What this workout is for

HIT EB Training 4x3 min at 108% of FTP (Rest: 2 min)

Perceived exertion: about 8-9 out of 10

At its core, this is high-intensity focus for cycling. The structure matters more than the title: duration, recoveries, and intensity changes decide whether the session builds base, threshold control, or a harder top-end stimulus.

Workout structure

The chart is rendered from the stored workout data. Wider sections last longer, and taller blocks indicate higher target intensity.

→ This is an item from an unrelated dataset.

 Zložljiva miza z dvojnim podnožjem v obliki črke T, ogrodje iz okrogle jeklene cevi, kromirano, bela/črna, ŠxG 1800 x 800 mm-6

Ramp from 50% to 65% | 4x 3 min on / 2 min easy | Ramp from 60% to 50%

Training effect

The main stimulus sits in the hard sections. Sessions like this improve VO2max, anaerobic tolerance, and the ability to repeat demanding efforts without losing form.

How to execute it

Ride the easy sections with discipline and use power or heart rate as the guardrail. For structured indoor sessions, ERG mode works well as long as FTP and zones are current.

Where it fits in the week

Place this workout with an easy day before or after it. In a normal week, one session like this is often enough, especially if long endurance or strength work is also planned.

Watch especially for

  • Do not make the easy parts too hard.
  • Update zones before the session if your fitness has changed.
  • Review whether the intended stimulus was achieved, not only the averages.